MichalDanielDobrzanski / DeepLearningPython

neuralnetworksanddeeplearning.com integrated scripts for Python 3.5.2 and Theano with CUDA support
MIT License
2.79k stars 1.27k forks source link

Is there a way to write the output to the original ubyte format? #34

Closed AoifeMarieDoherty closed 3 years ago

AoifeMarieDoherty commented 3 years ago

Can this be converted back to the original format? Ideally exactly as in the original files (train labels, train data, test labels, test data), all in ubyte form?

MichalDanielDobrzanski commented 3 years ago

Hey Aoife, I have replied to your e-mail. Next time, please be more specific:

AoifeMarieDoherty commented 3 years ago

Oh I'm so sorry. Thank you for your reply.

The script I was wondering about is this script: https://github.com/MichalDanielDobrzanski/DeepLearningPython35/blob/master/expand_mnist.py

And my question specifically was:

Specifically, the output to look like this:

THE IDX FILE FORMAT the IDX file format is a simple format for vectors and multidimensional matrices of various numerical types. The basic format is

magic number size in dimension 0 size in dimension 1 size in dimension 2 ..... size in dimension N data

The magic number is an integer (MSB first). The first 2 bytes are always 0.

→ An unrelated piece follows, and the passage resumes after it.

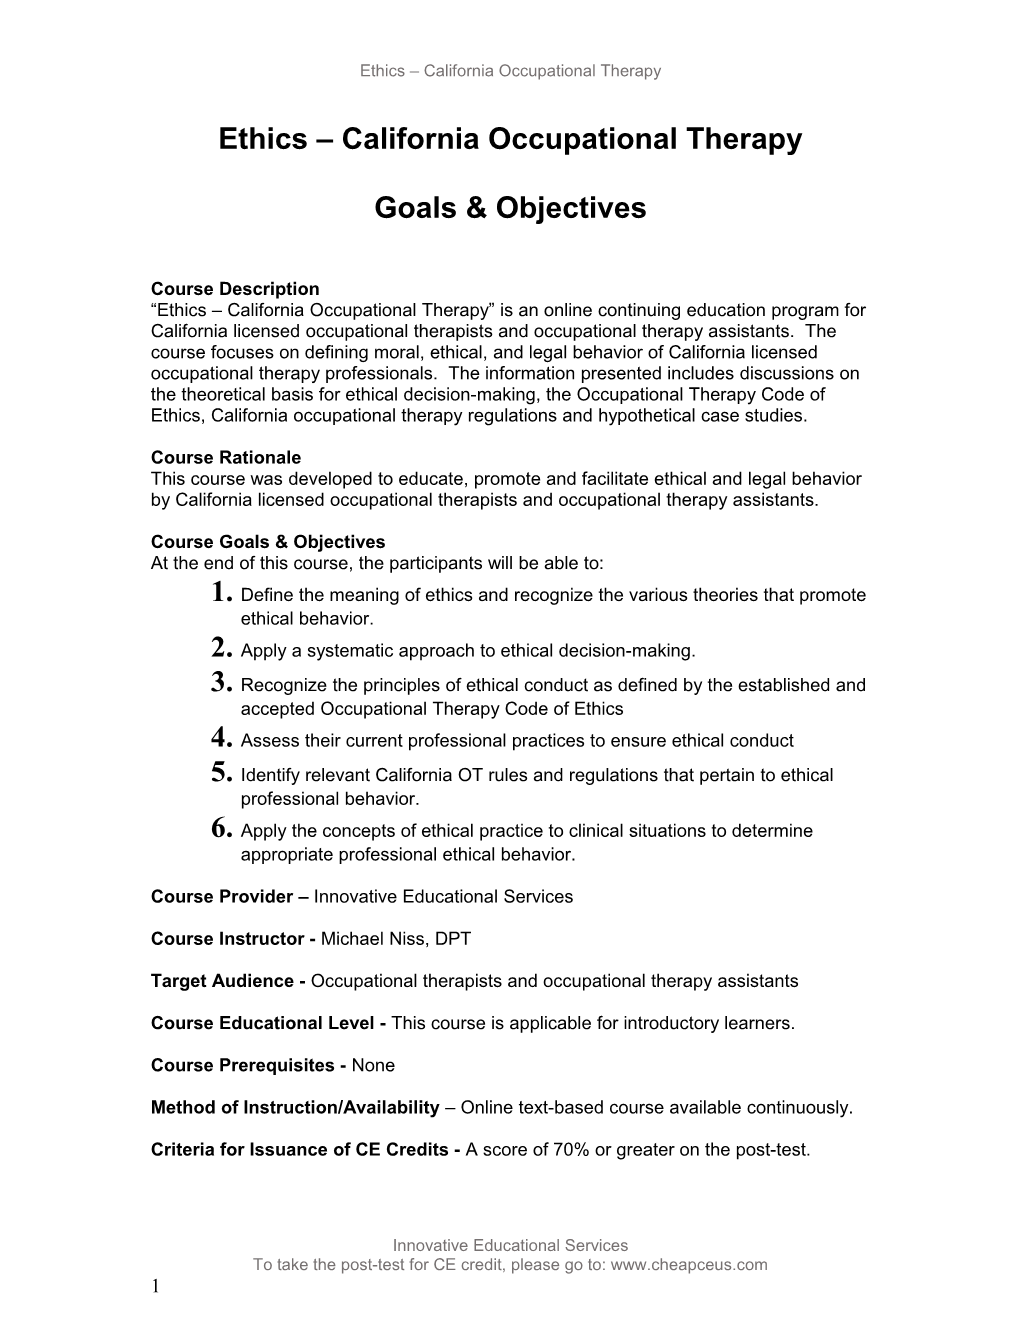 Ohio Occupational Therapy Ethics

The third byte codes the type of the data: 0x08: unsigned byte 0x09: signed byte 0x0B: short (2 bytes) 0x0C: int (4 bytes) 0x0D: float (4 bytes) 0x0E: double (8 bytes)

The 4-th byte codes the number of dimensions of the vector/matrix: 1 for vectors, 2 for matrices....

The sizes in each dimension are 4-byte integers (MSB first, high endian, like in most non-Intel processors).

The data is stored like in a C array, i.e. the index in the last dimension changes the fastest.

and for the training data, and labels to be separate files, i.e. for the output to be exactly the above format, and the data divided into these files:

train-images-idx3-ubyte.gz: training set images train-labels-idx1-ubyte.gz: training set labels t10k-images-idx3-ubyte.gz: test set images t10k-labels-idx1-ubyte.gz: test set labels

And what I was wondering was is this possible to do with one of your already-written scripts or could you tell me how I would do it in python specifically, I'm not really familiar with MNIST/ubyte, so I'd really appreciate the help.

Thank you for your time